_WHAT IS NEEDED_
Below, find the line containing "Envii Enclara Ls" and the line containing "Opencubeware logo"; reproduce exactly those two and every line between them, omitting pictures.

_TASK MATERIAL_
Segment Open
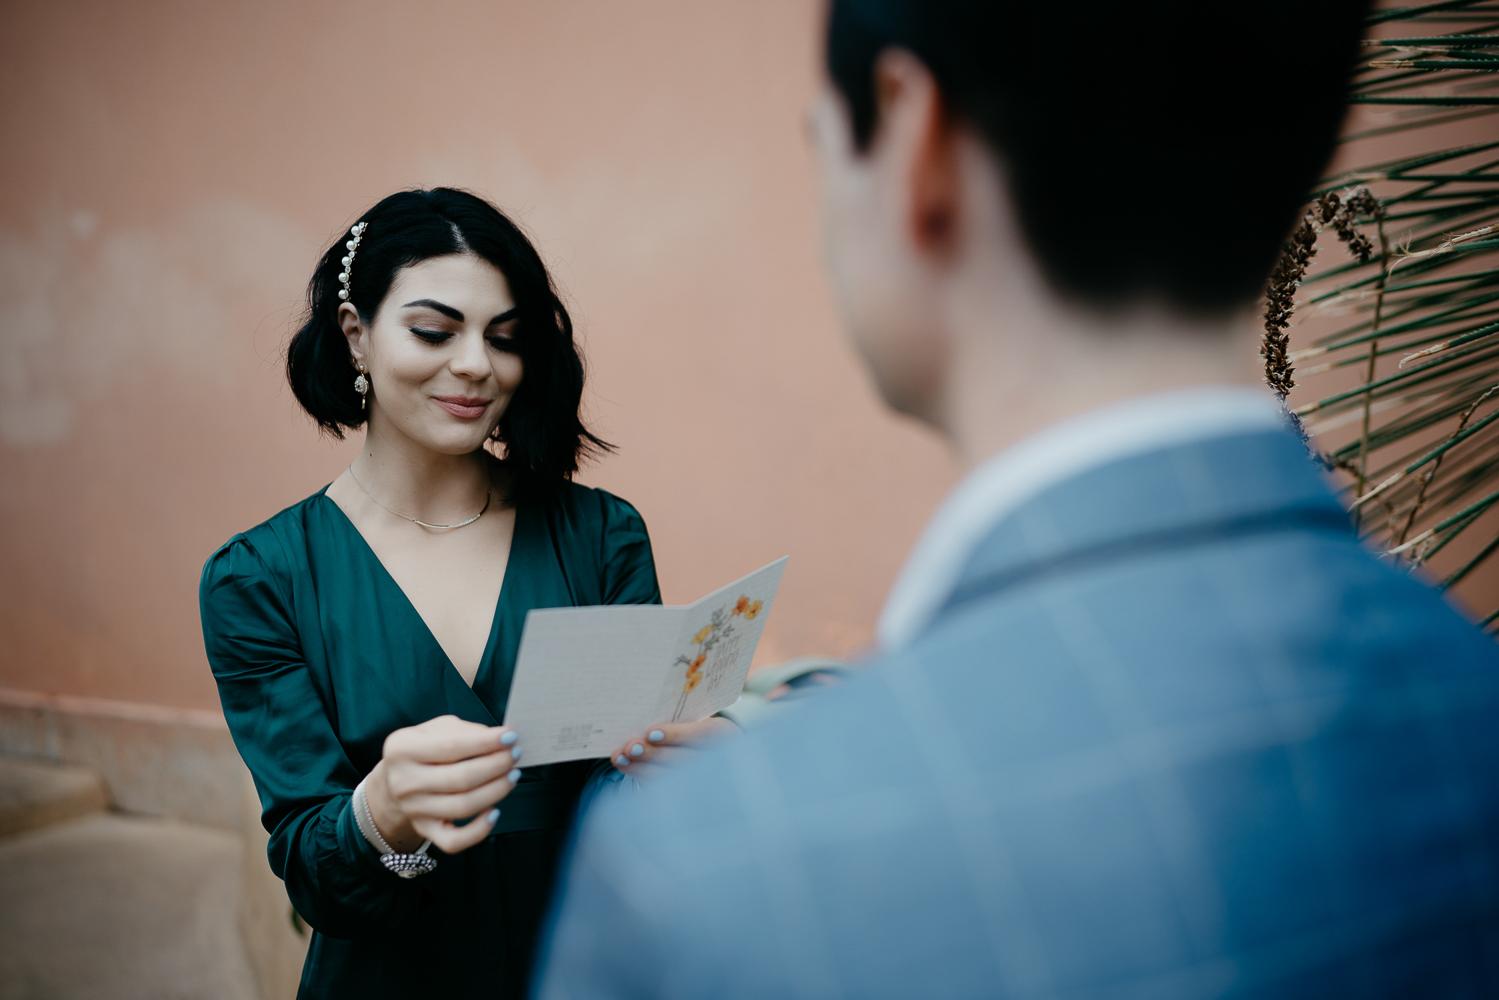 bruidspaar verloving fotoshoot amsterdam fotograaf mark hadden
Segment Closed
Segment Open
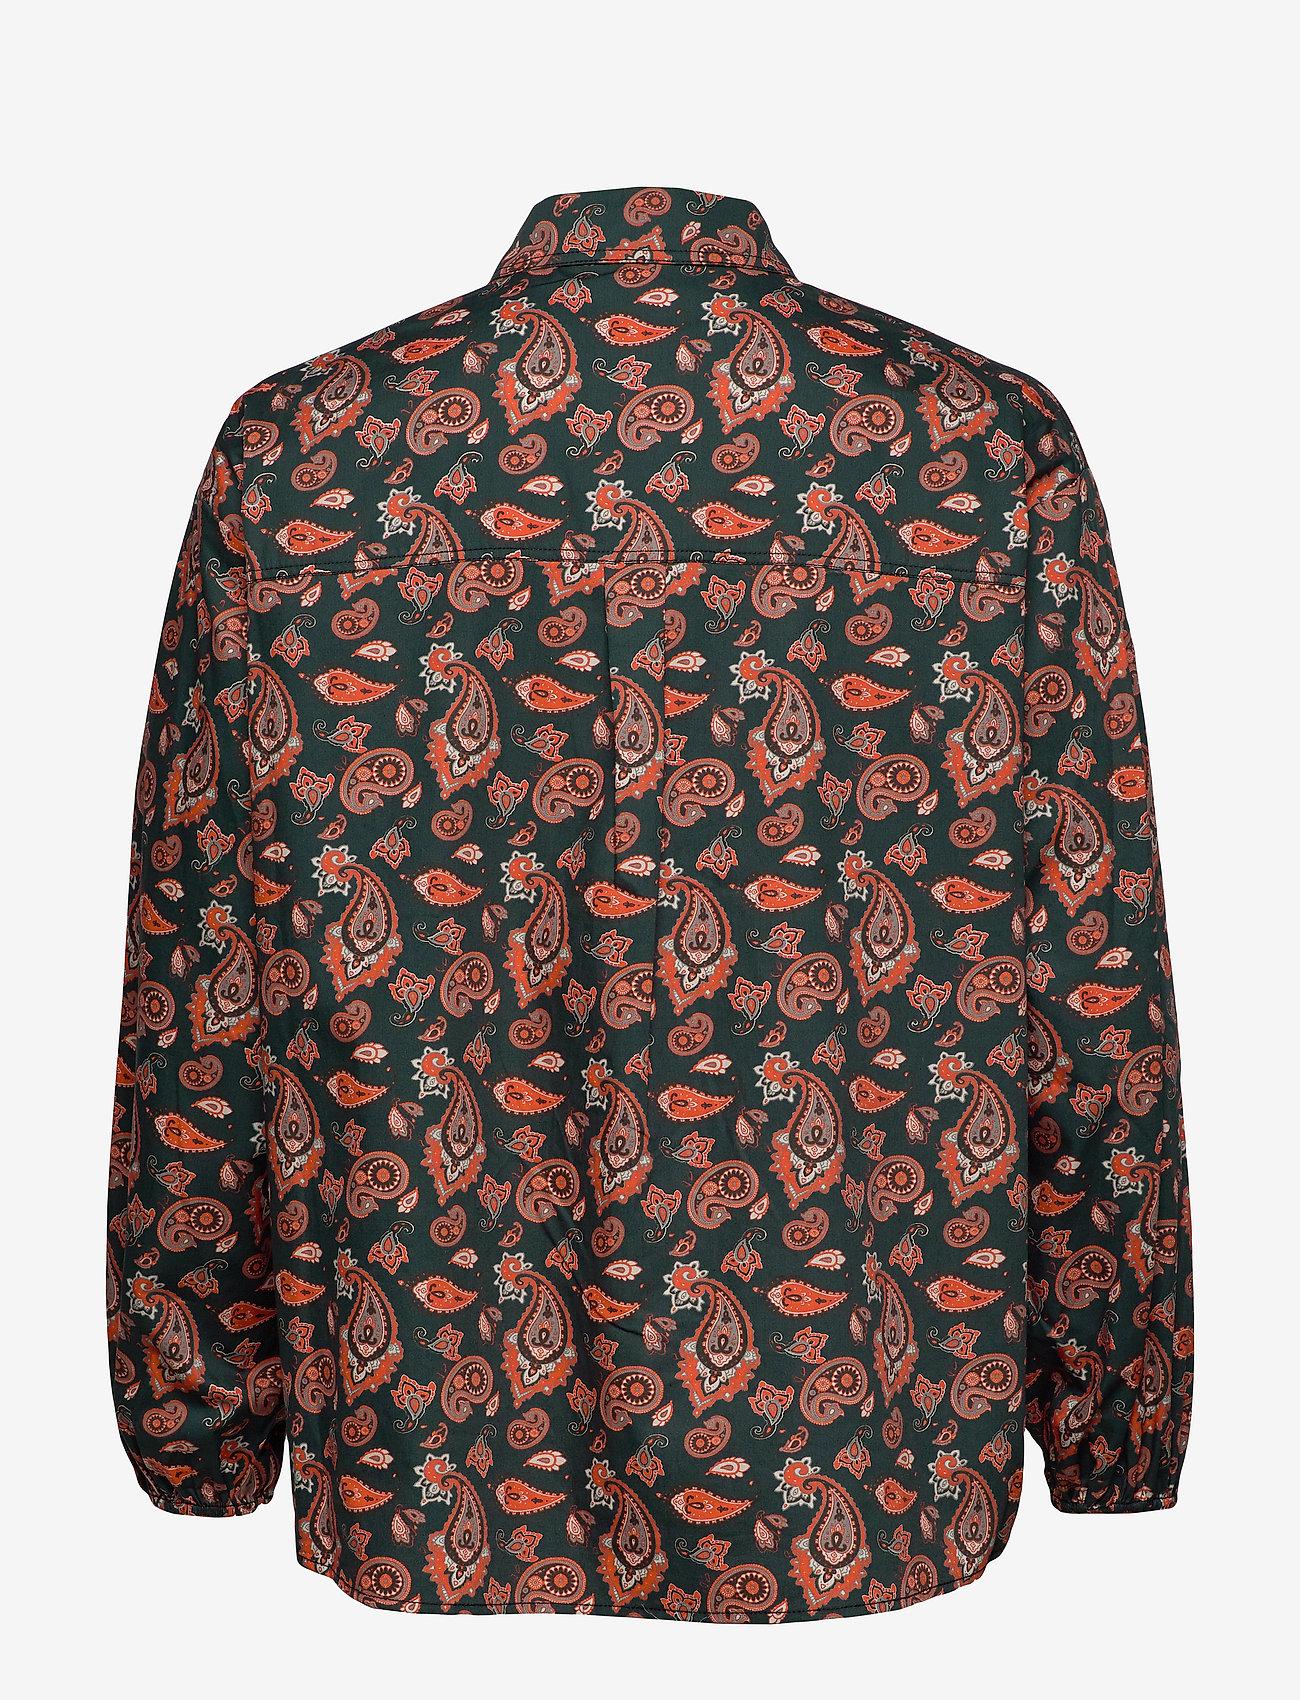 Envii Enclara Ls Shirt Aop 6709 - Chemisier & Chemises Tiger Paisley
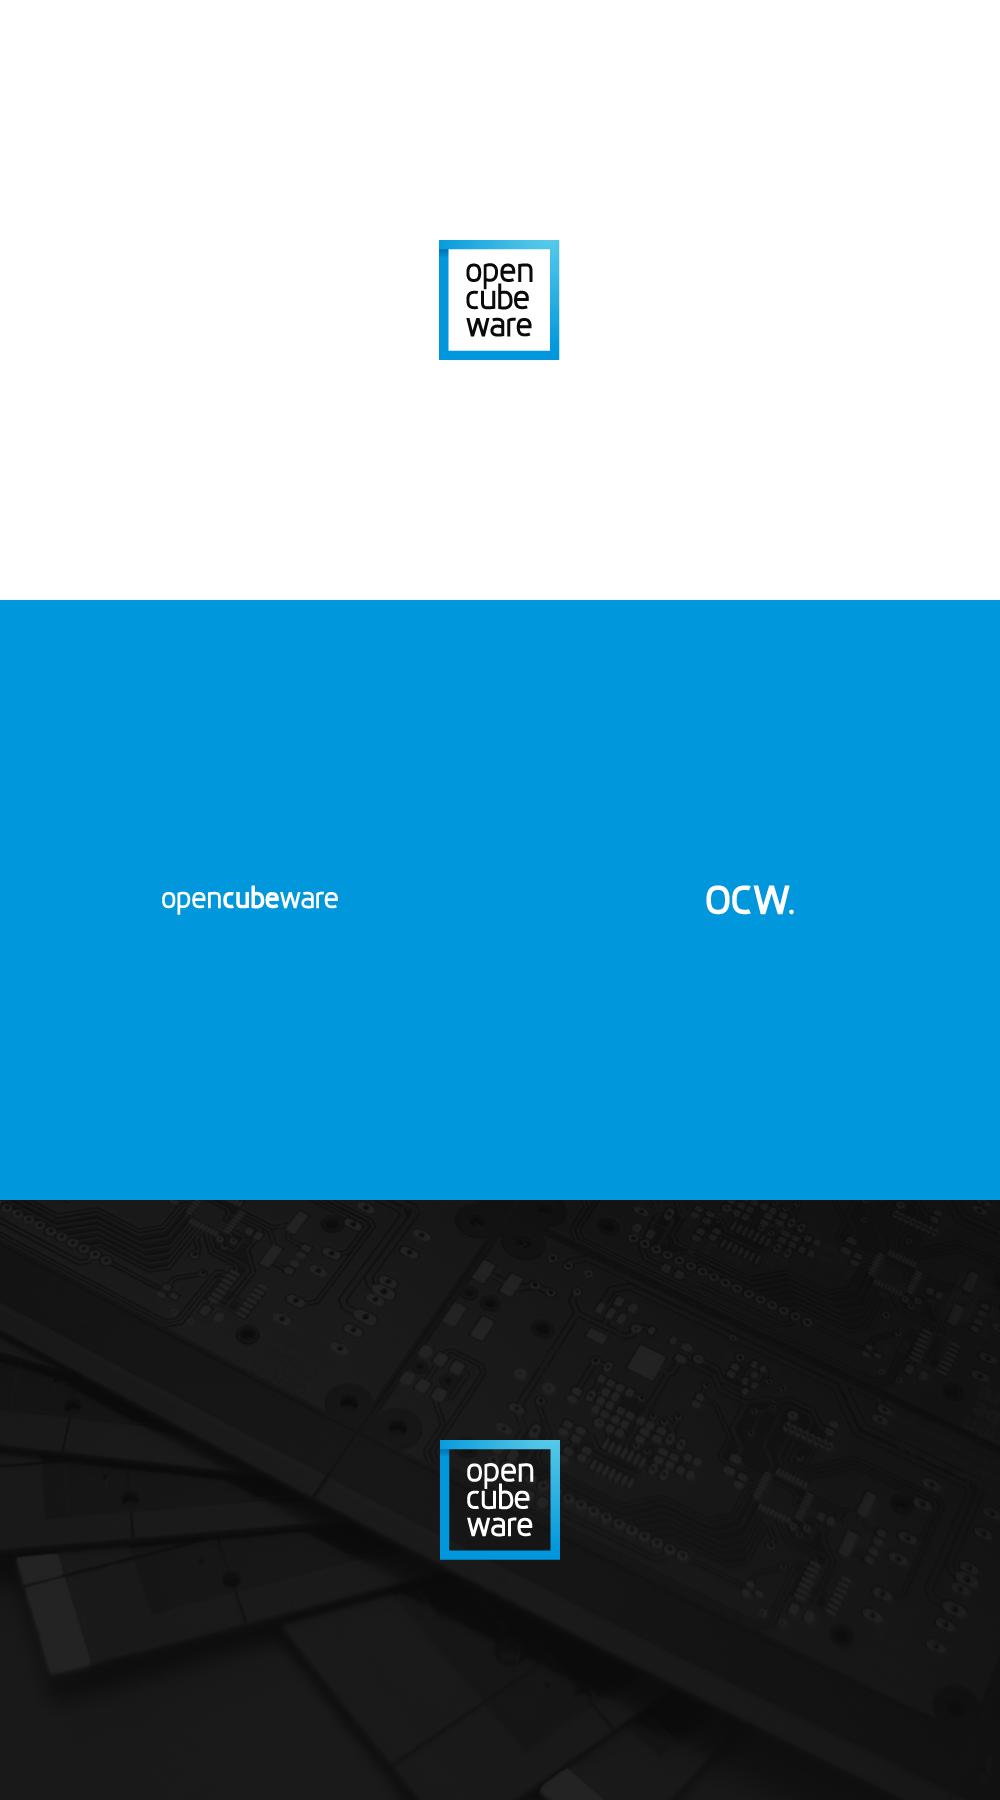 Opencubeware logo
Segment Closed
Segment Open
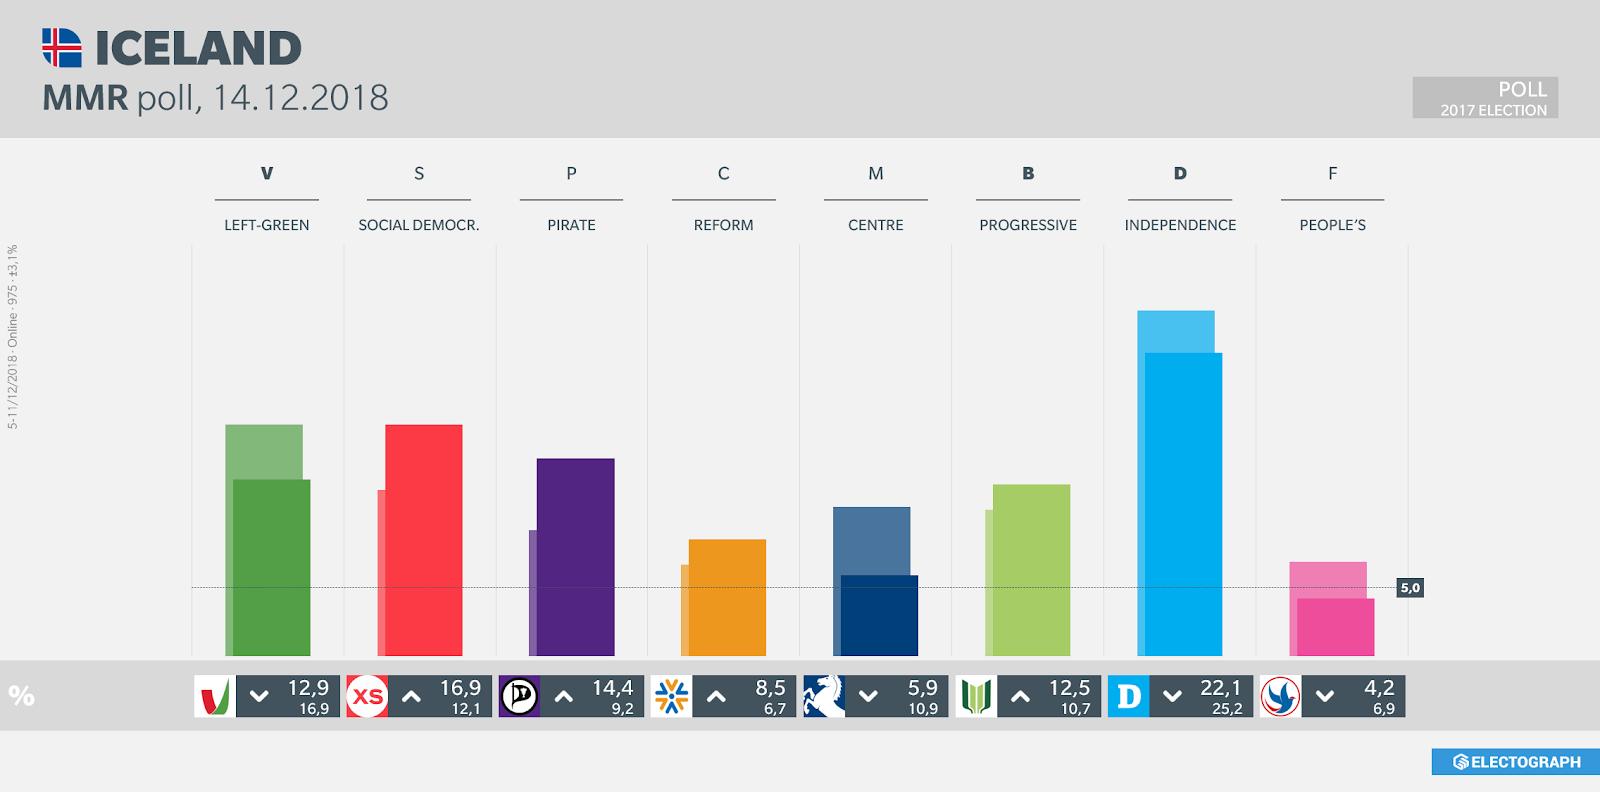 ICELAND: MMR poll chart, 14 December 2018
Segment Closed
_THE COMPLETED TASK_
 Envii Enclara Ls Shirt Aop 6709 - Chemisier & Chemises Tiger Paisley
 Opencubeware logo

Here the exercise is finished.